QuPath 0.2.0-m4- Subcellular particle analysis

Hi all,

I have images with 3 different channels:

  1. DAPI (nucleus)
  2. subcellular marker
  3. neuronal marker.

I was wondering if it’s possible to analyze channel 2 within channel 3, excluding channel 1. I guess I would need to first segment (how?) the channel 3 and then run the cell detection tool for channel 2?

Thanks,
P

The pixel classifier might be your best bet in M5. Or the threshold tool (same menu with the pixel classifier).

I don’t think QuPath is generally cut out for neuronal detection (dendrites?), and you may have better luck with CellProfiler for cell by cell analysis. But if you want to post a picture, I might be able to give a more specific answer. It would also depend on how large the image is (there are various ways to abuse the subcellular detection tool).

I haven’t tried these new tools, is there any trial to learn how to use them?

Here’s a representative picture and the colors are:

  • WHITE: subcellular particles to analyze
  • BLUE: DAPI
  • GREEN: astrocytes
  • RED: neurons

My aim is to analyze particles in neurons vs astrocytes. It’s hard to see neurites here (probably because of thigh density of neural network), the red is pretty much everywhere with a much fainter staining where astroctyes are. There must be a way to separate the 2 by thresholding.

Please let me know if anything is unclear. Thanks!

If your image is that small, you could probably use the “convert a whole image annotation into a cell and generate subcellular objects method.”
Roughly described here, though I think any code is for 0.1.3.
Once you have objects for your Red and White channels, you can convert them into annotations and AND them through the context menu Annotations->Intersect selected annotations.
Or simply create Subcellular detections for the white objects, and classify them by the intensity of red or green within them.

On the other hand, you might find it more straightforward, depending on the number of images, to use the Simple Threshold tool in M5. No guide on this yet, but short version…


Pick a channel

Verify the mask is what you want. Turn the mask on and off using the poorly circled C button.

Create Objects

Now that I have a Tumor object, I can go ahead and make another annotation for my CD8 positive objects.


Selecting both of these annotations through the Annotations tab, and then right clicking on one in the Viewer window, I can then choose the Annotations->Intersect selected annotations and get just the CD8 area inside of the Tumor area.

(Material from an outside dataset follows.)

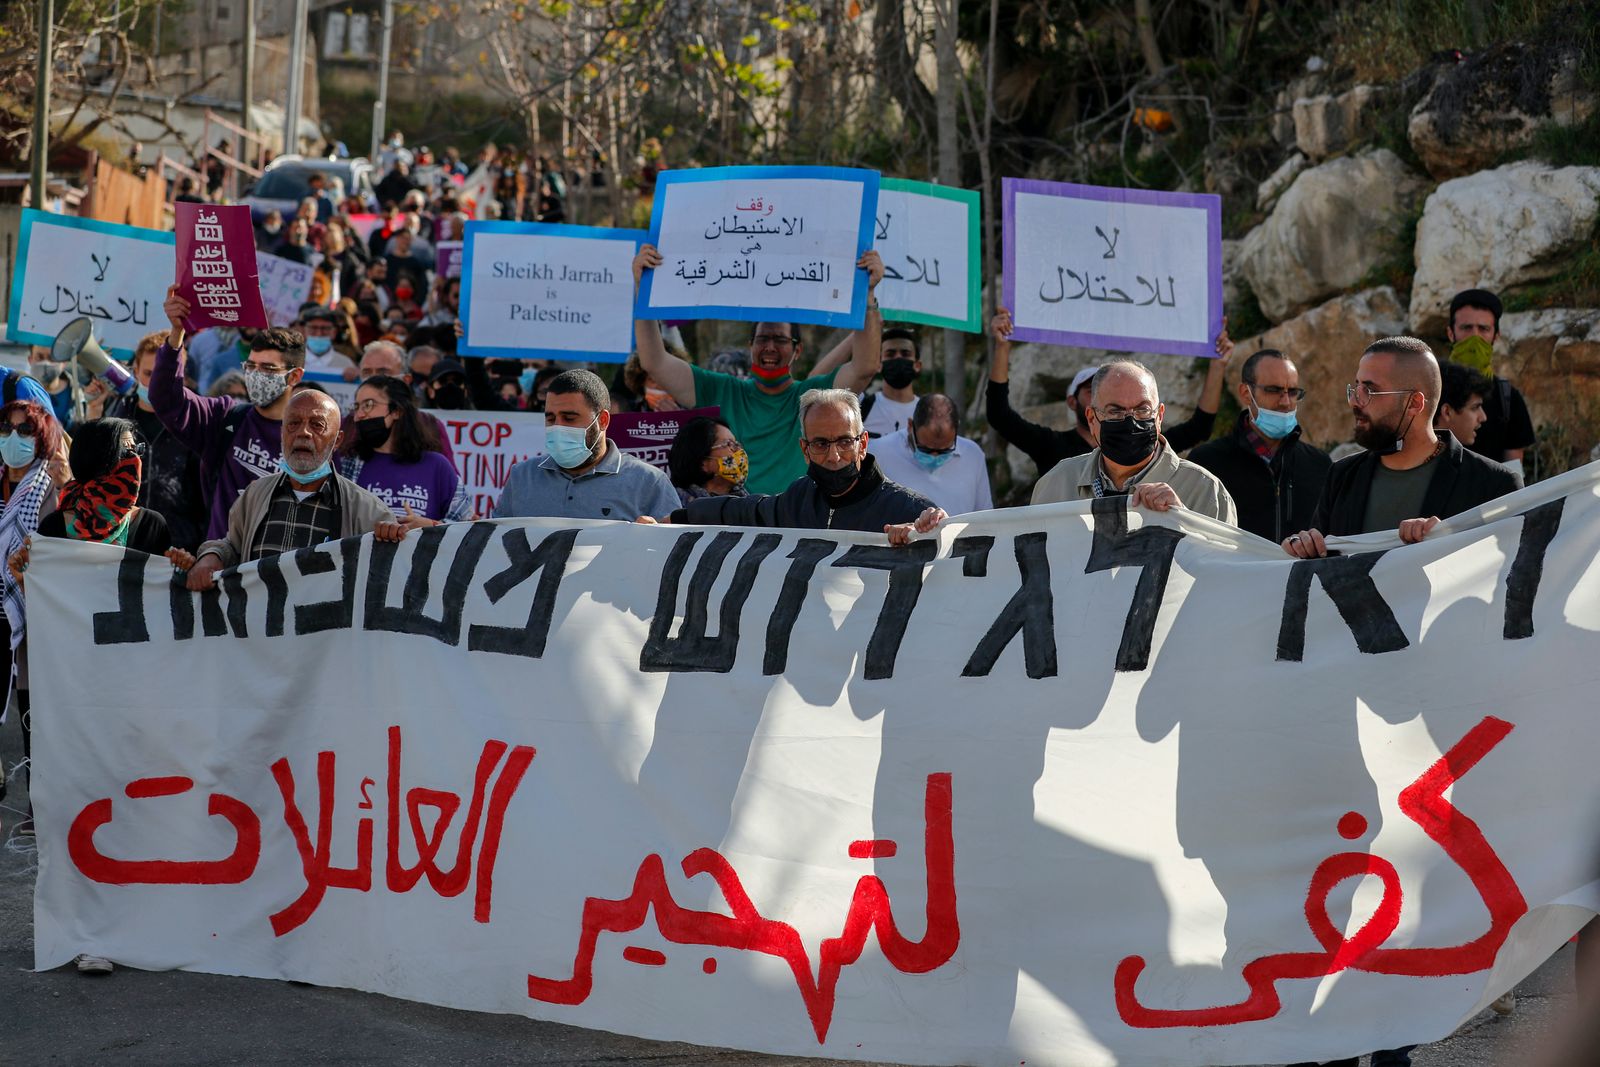 متظاهرون فلسطينيون يرفعون لافتات ضد عمليات الاستيطان الإسرائيلي في حي الشيخ جراح في القدس - AFP

This process can take a moment, just let it struggle.
In the end, the overlapping area as annotations:

Even better, it looks like you can save the simple threshold as a classifier and run it as a script thanks to @dstevens


I have occasionally gotten the Save model window stuck behind the model window at times, though.

Thanks for the instructions. The image I have posted is just a inset. My images are huge (over 300 MB) so I probably won’t be able to use the “convert a whole image annotation into a cell and generate subcellular objects method”.

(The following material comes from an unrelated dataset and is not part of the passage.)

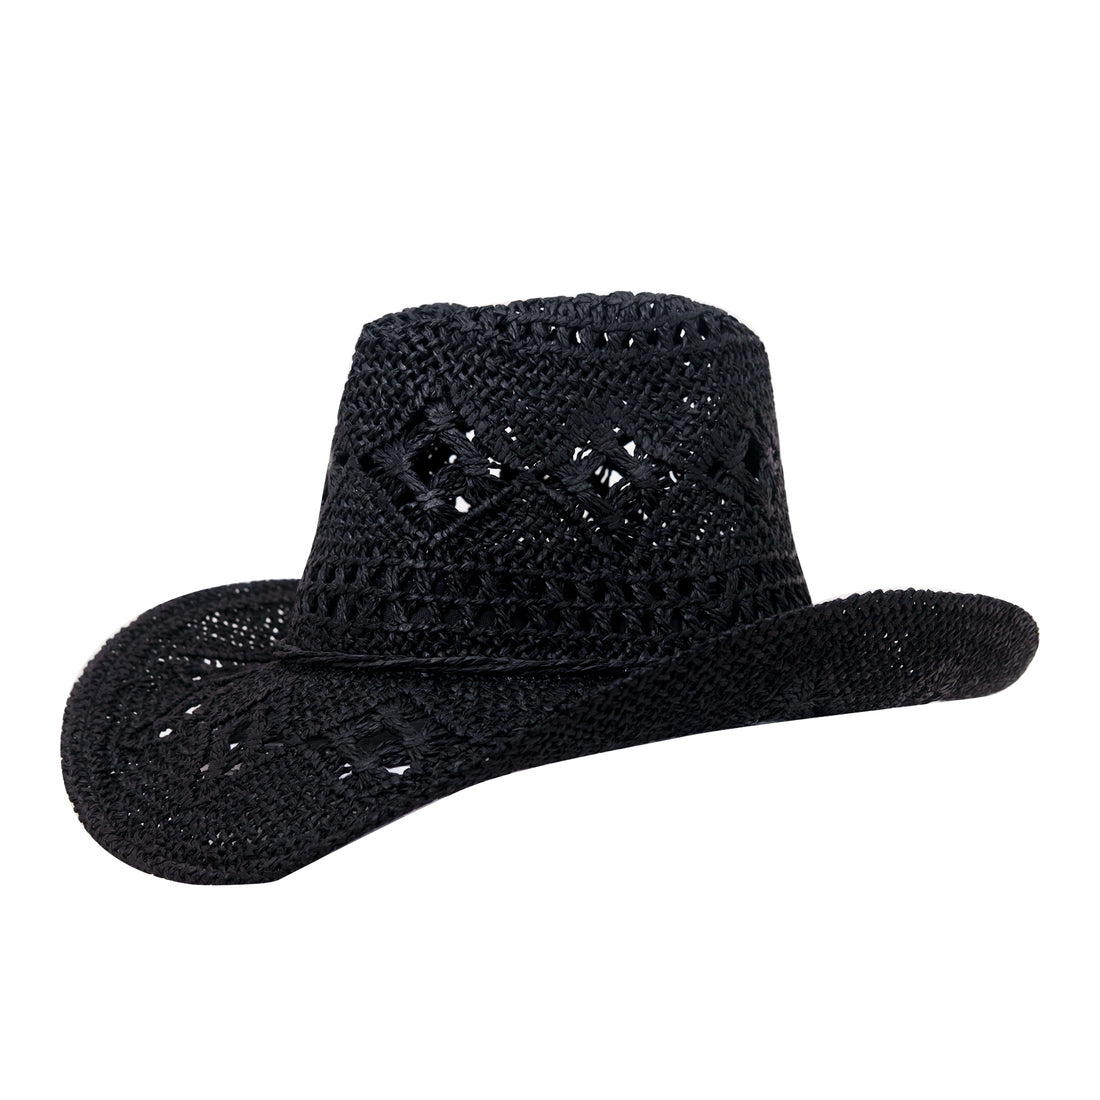 Heidi Black - Ranch hat

I have tried using the Classify with simple thresholder but there might be some bug in the 0.2.0. I have selected the FITC channel and ignored everything below the threshold but I get weird images like the one below (attached) no matter what threshold I select. Please let me know if you have any advice on this.

This is a great idea and I think it will do the job.

Thanks! :blush:

You are using M4, where neither the pixel classifier nor the thresholding tool were fully functional.

If you really want to stick with M4, you might be able to create the whole image annotation, split that up into tiles, and then convert each tile into a cell, and run subcellular detection on the “cell tiles,” though you will potentially chop up some of your white objects between cells.

As mentioned in your first post, you could also try treating the white objects as your nuclei, and then classify the resulting cells based on their green or red channel intensities. It will somewhat depend on how roundish and how evenly sized your white spots are, though. The thresholding tool is a bit less sensitive to size variation.

You can also use the thresholding tool in one step to generate white detections (rather than annotations) and use Add Intensity Features to add the mean intensity for your other channels. The objects can then be classified by those intensities. I may need to edit some of the classification scripts for M5, though, so let me know how it is working (or not) if you choose to do that.